Court grapples with domestic partner benefits

The Associated Press
Wednesday November 15, 2000

SAN FRANCISCO — A federal appeals court considered Tuesday whether cities such as San Francisco can demand that city contractors offer health and other benefits to domestic partners of unmarried workers. 

A three-judge panel of the 9th U.S. Circuit Court of Appeals did not indicate how it would rule during 90 minutes of oral arguments in two closely watched cases. But the cases, brought by the airline industry and an Ohio contractor, barely focused on gay and lesbian issues. 

Instead, they centered on intricate legal points such as regulation of interstate commerce and federal pre-emption. The issue boiled down to whether San Francisco, or the federal government, has the authority to tell companies what benefits they must offer to employees. 

The suits were sparked after an ordinance adopted by the San Francisco Board of Supervisors was implemented in 1997. It required companies that contract with the city to provide unmarried couples with the same benefits they grant to married couples. 
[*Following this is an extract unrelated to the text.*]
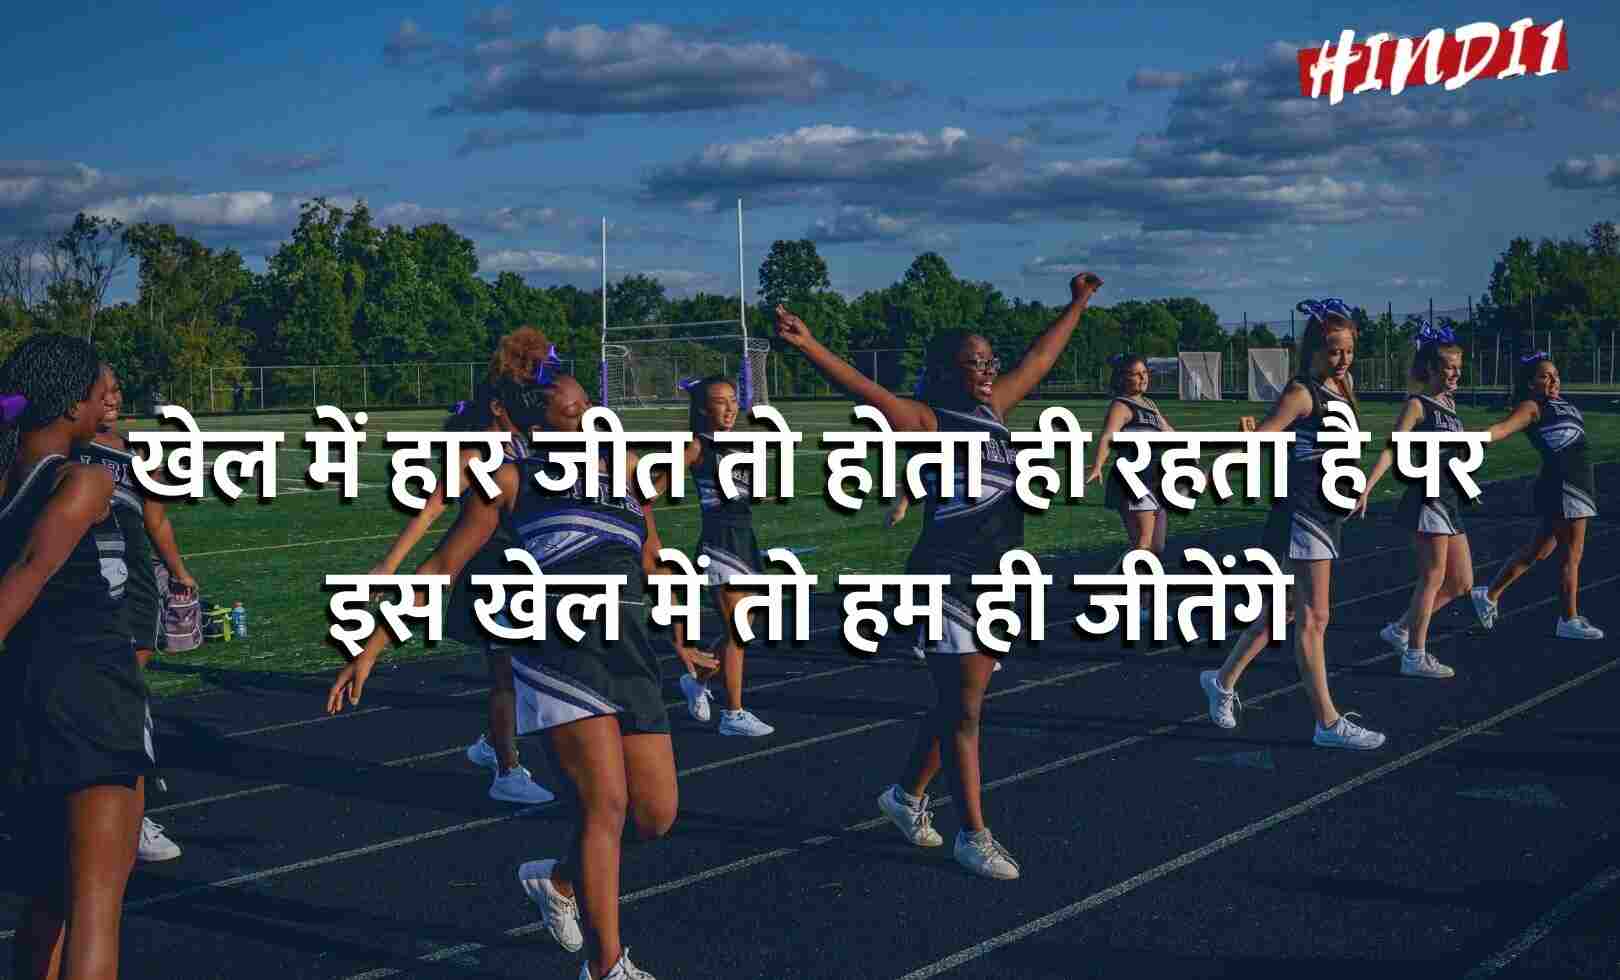 Cheerleaders Slogan

The ordinance affected the 28 airline carriers at San Francisco International Airport, who lease land from the city, and an untold number of contractors that perform a hodgepodge of work for the city. 

Last year, a federal judge sided largely against a suit brought by the airline industry challenging the nation’s first such ordinance. Following U.S. District Court Judge Claudia Wilken’s ruling, the cities of Seattle and Los Angeles adopted similar measures. 
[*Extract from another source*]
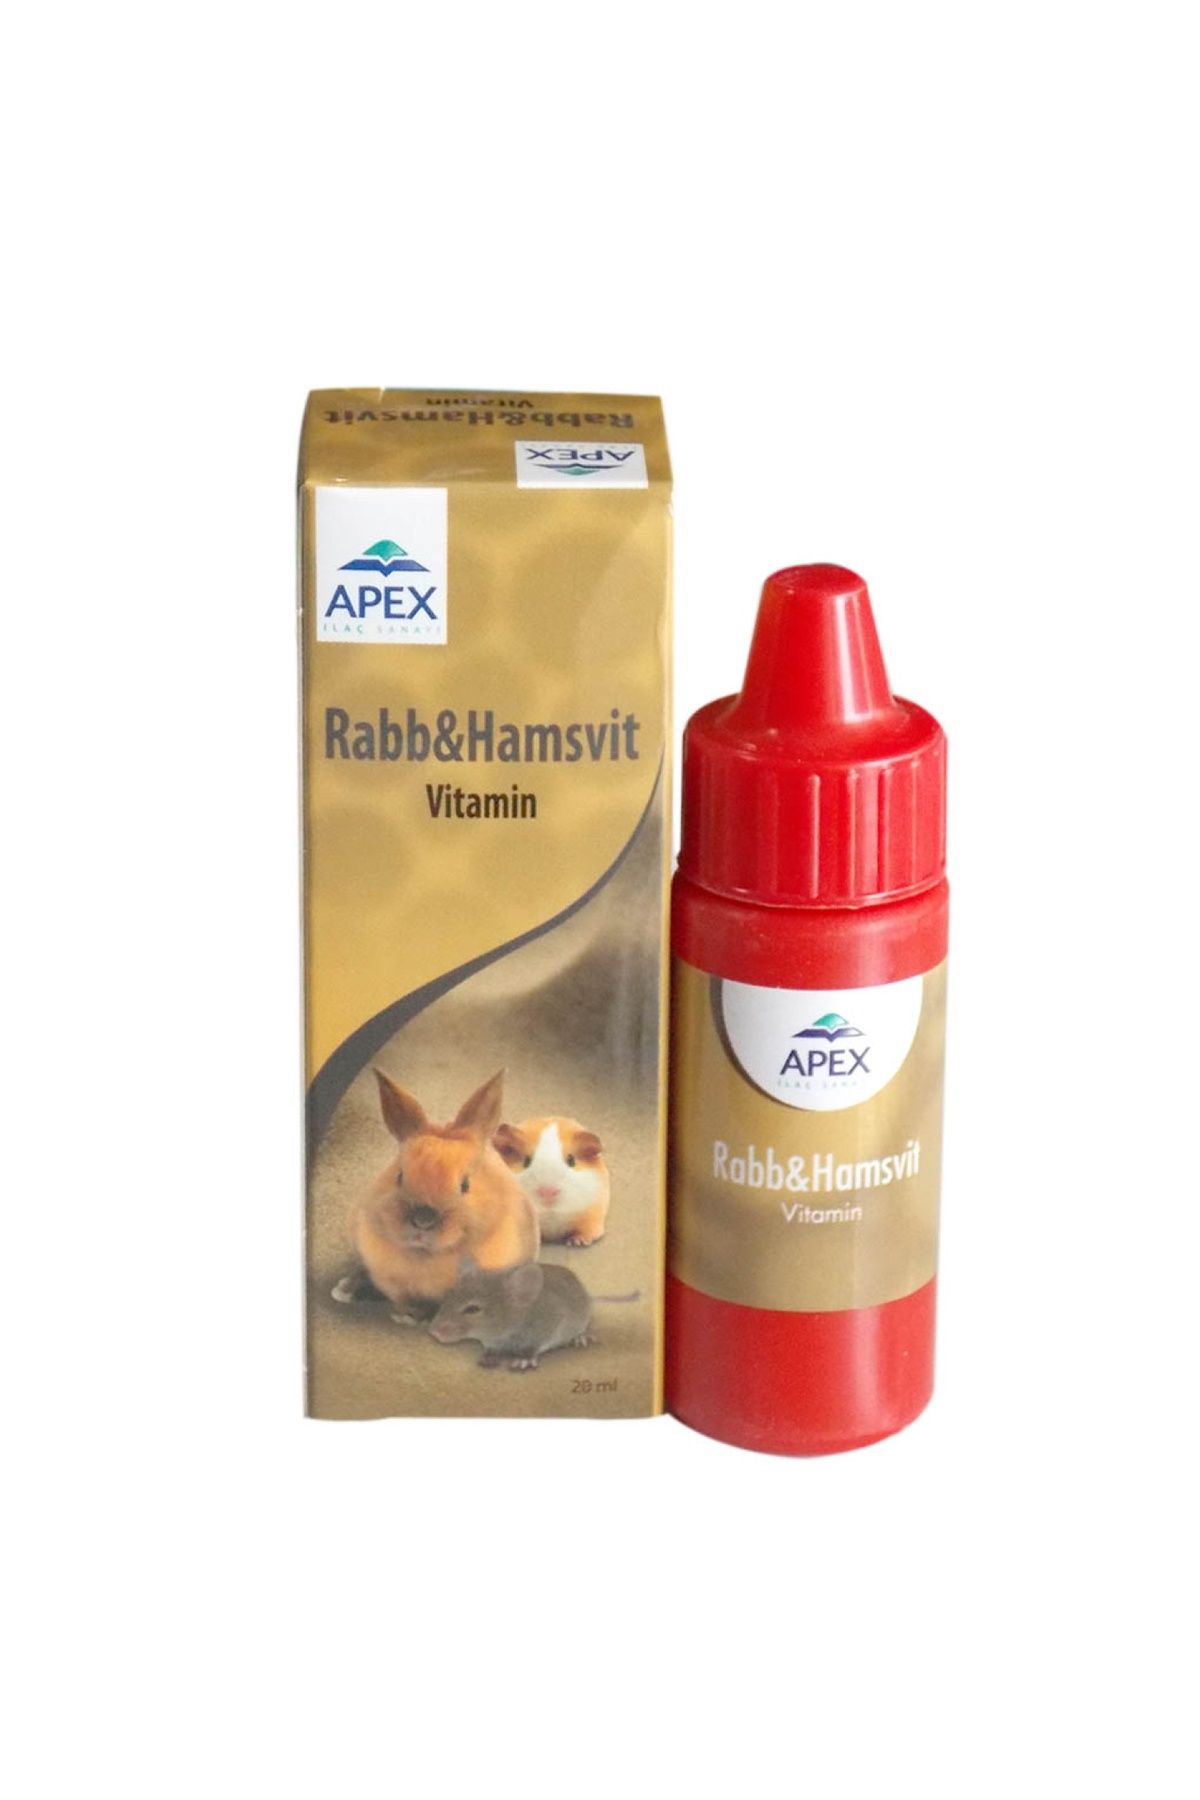 ENSAR GİYİM Hamster Vitamini Rabb-hamsvit - Apex

More are expected to follow if the court upholds San Francisco’s ordinance, said Jennifer C. Pizer, managing attorney for the Lambda Legal Defense and Education Fund Inc. 

“Everybody’s watching this,” said Pizer, who noted that hundreds of companies across the nation offer domestic partner benefits. 
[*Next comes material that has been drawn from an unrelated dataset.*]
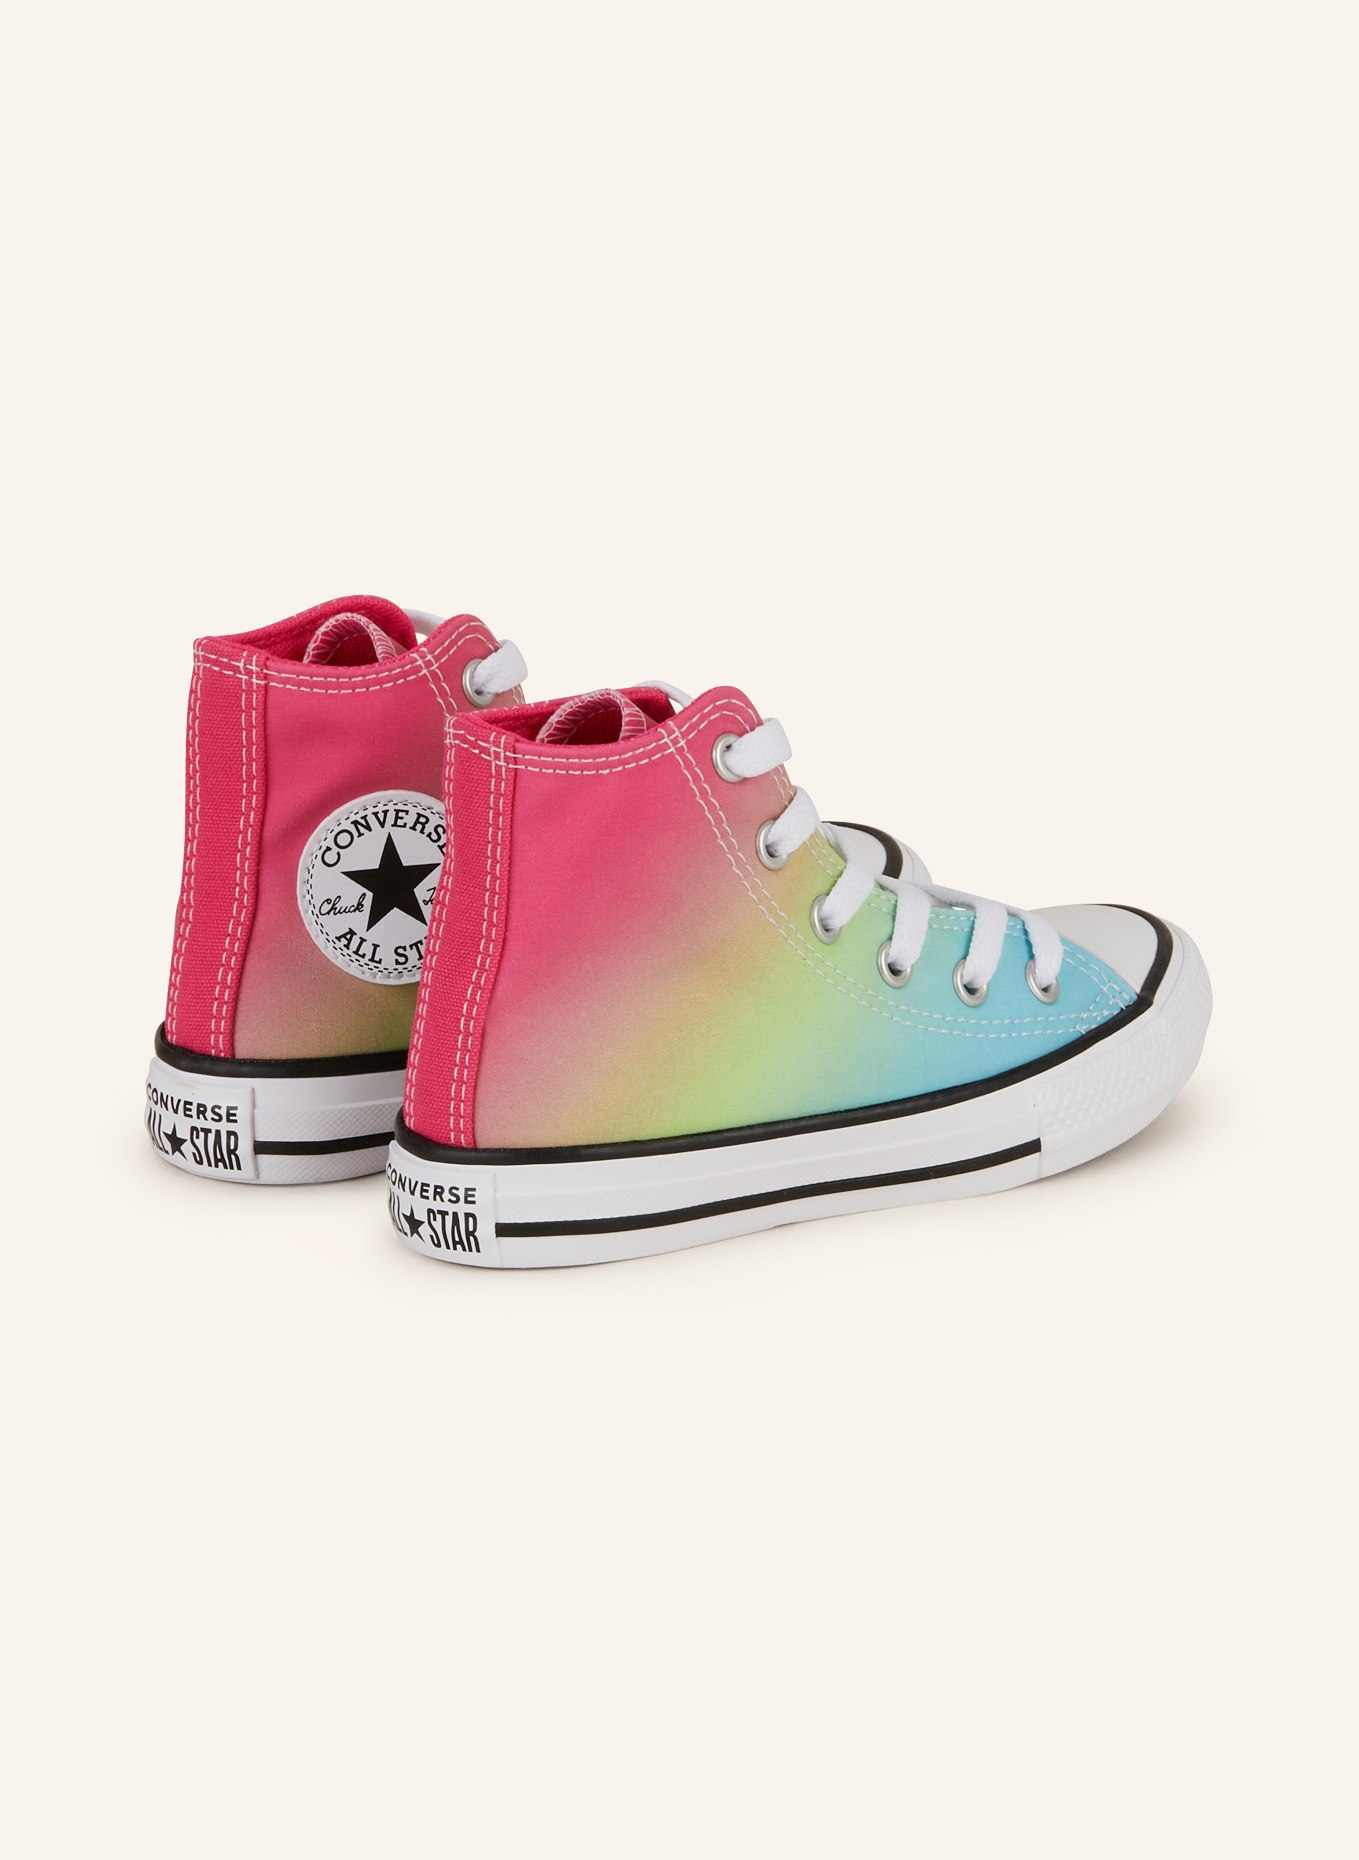 CONVERSE Hightop-Sneaker CHUCK TALYLOR ALL STAR, Farbe: PINK/ HELLGRÜN (Bild 2)

Wilken ruled that the airlines must provide the same fare discounts, family leave and bereavement leave to domestic partners as to married couples working in San Francisco. 

The judge excluded health and pension benefits, saying the federal government has jurisdiction for the airline industry.  

After an appeals court declined to block Wilken’s decision, several airlines began offering the same benefits to domestic partners as they do to married couples. They include United Airlines, U.S. Air, Federal Express and American Airlines. 

Wilken also dismissed a suit brought by electronics firm S.D. Myers of Tallmadge, Ohio, which was disqualified from a San Francisco project because it did not afford the same benefits to its domestic partner employees as it did to married ones. 

Lawyers for that firm, funded in part by televangelist Pat Robertson’s American Center for Law and Justice, stayed away from the hot-button gay rights issue. 

The company’s lawyer, Kevin Theriot, said San Francisco’s ordinance impacts interstate commerce and therefore should be nullified.  

He said the company should not have to offer the domestic-partner benefits to any of its 370-member work force in Ohio because it wants to contract work in San Francisco. 

“It has nothing to do with the performance of the contract,” he said to the three judges. 

But in a statement, Jay Sekulow, American Center for Law and Justice chief counsel, said the ordinance “undermines the institution of marriage and conflicts with the moral values of most Americans.” 

In the airlines case, Brendan Dolan, who represented the Air Transport Association of America, a consortium of airlines, said the federal government can only dictate how airlines should function. 

“An ordinance which sets a lease or permit term ... is pre-empted,” Dolan told the judges. 

Judge Johnnie Rawlinson noted that the U.S. Supreme Court has recently expanded states rights and asked, “Is your view consistent with an emerging view of pre-emption?” 

Dennis Aftergut, chief assistant city attorney for San Francisco, dismissed Dolan’s contention and said the ordinance in question is similar to cities’ rights to limit airlines’ noise and congestion. 

“We have an interest in distancing ourselves from discrimination,” Aftergut told the judges in one of the few courtroom comments addressing morality. 

The panel did not say when it would rule. 

The cases are Air Transport Association of America vs. San Francisco, C97-01763CW, and S.D. Myers vs. San Francisco, 97-04463CW.